Constantin Varga (born 18 September 1964) is a Romanian former footballer who played as a defender.

==Club career==
===Early career===
Varga, nicknamed "Piticul" (The Dwarf), was born on 18 September 1964 in Timișoara, Romania and began playing junior-level football at local club Politehnica under the guidance of coach Bodo Carol. At age 14, he went to Luceafărul București where he was teammates with Gheorghe Hagi and Miodrag Belodedici. He stayed at Luceafărul until he turned 18 and started his senior career at Divizia C club Unirea Sânnicolau Mare. After one year he went to Unirea Tomnatic in the same league. Another year later, Varga went to play for the youth of ASA Târgu Mureș. After about half a year spent at ASA, he joined fourth league team Bihorul Beiuș which he helped earn promotion to Divizia C.

===Politehnica Timișoara===
In 1986, Varga returned to Politehnica at the behest of coach Robert Cosmoc, making his Divizia A debut on 30 March in a 5–0 away loss to Universitatea Craiova. At the end of his first season, the team was relegated to Divizia B, but Varga stayed with the club, helping it get promoted back after one year. In the following season, Politehnica was relegated once again, but he helped it once more to gain promotion back to the first league by scoring 14 goals in the 1988–89 Divizia B season. In the 1990–91 UEFA Cup, coach Constantin Rădulescu used him in three matches, as in the first round they got past Atlético Madrid with 2–1 on aggregate, being eliminated in the next round by Sporting Lisbon against whom he scored once. He helped the club reach the 1992 Cupa României final, coach Ion Ionescu using him the entire match in the loss at the penalty shoot-out to Steaua București, Varga netting Politehnica's first spot kick.

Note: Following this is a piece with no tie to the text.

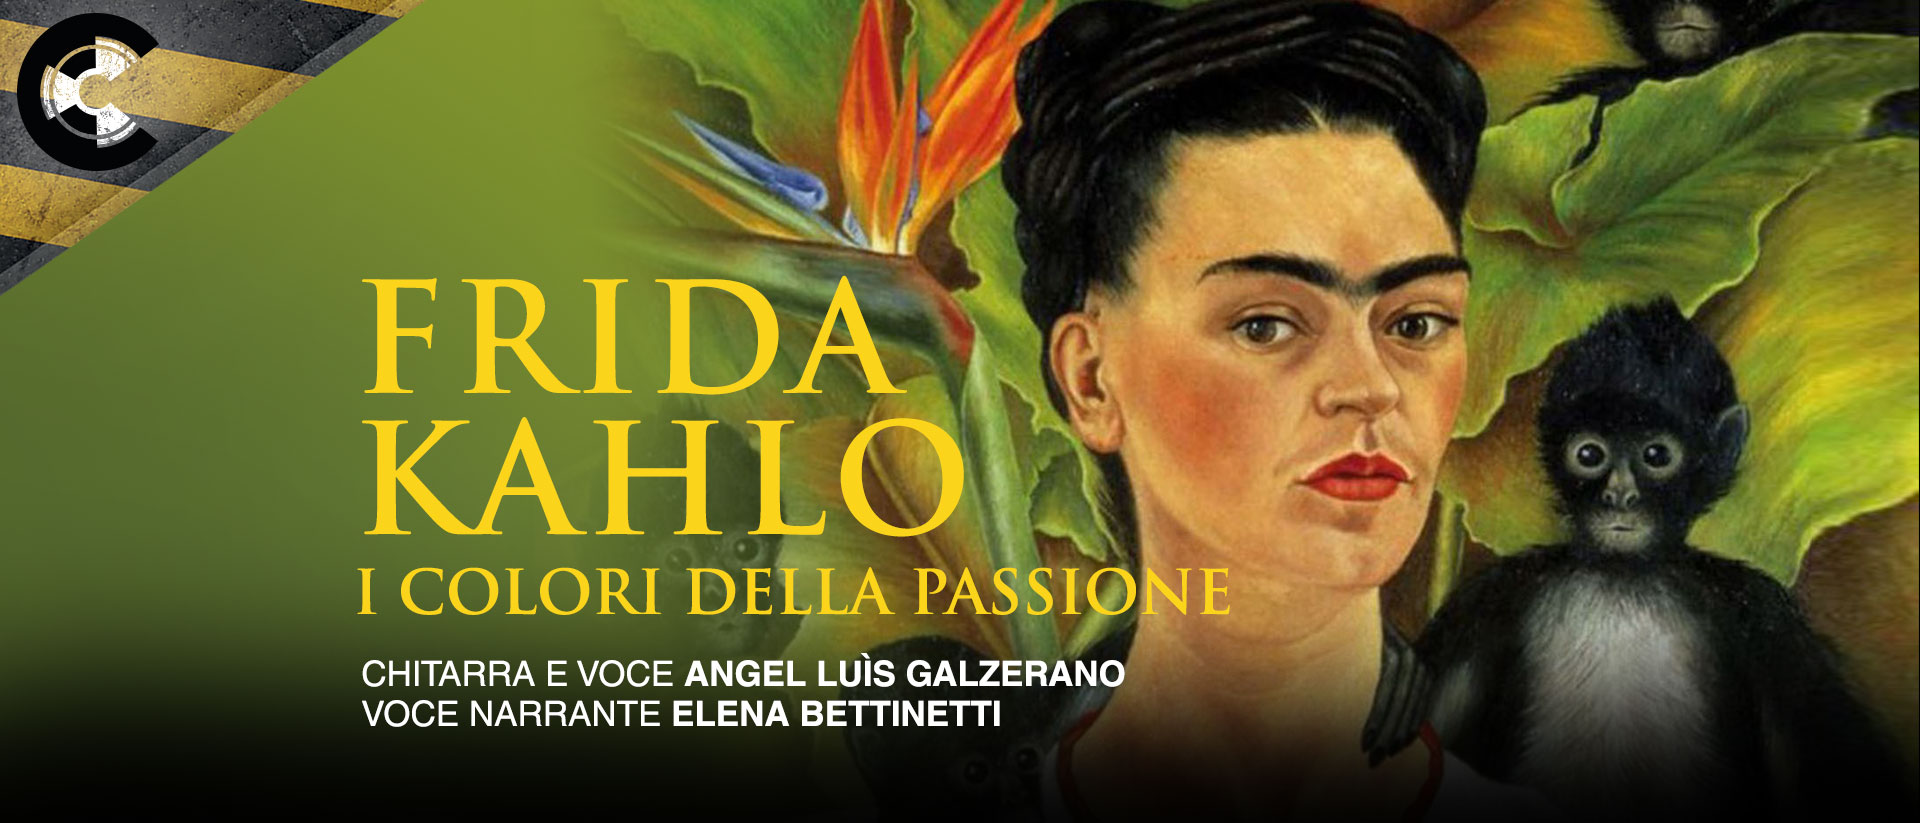 Frida Kahlo, i colori della passione

He then participated with the club in the 1992–93 UEFA Cup edition where in the first round they faced Real Madrid, obtaining a 1–1 draw at Timișoara and losing with 4–0 at Santiago Bernabéu. During his years spent with The White-Purples, Varga was known for his ability of scoring from free kicks, most notably scoring with a long-distance shot in a historical victory in 1987 against Dinamo București. He also scored three goals in three West derby victories against UTA Arad.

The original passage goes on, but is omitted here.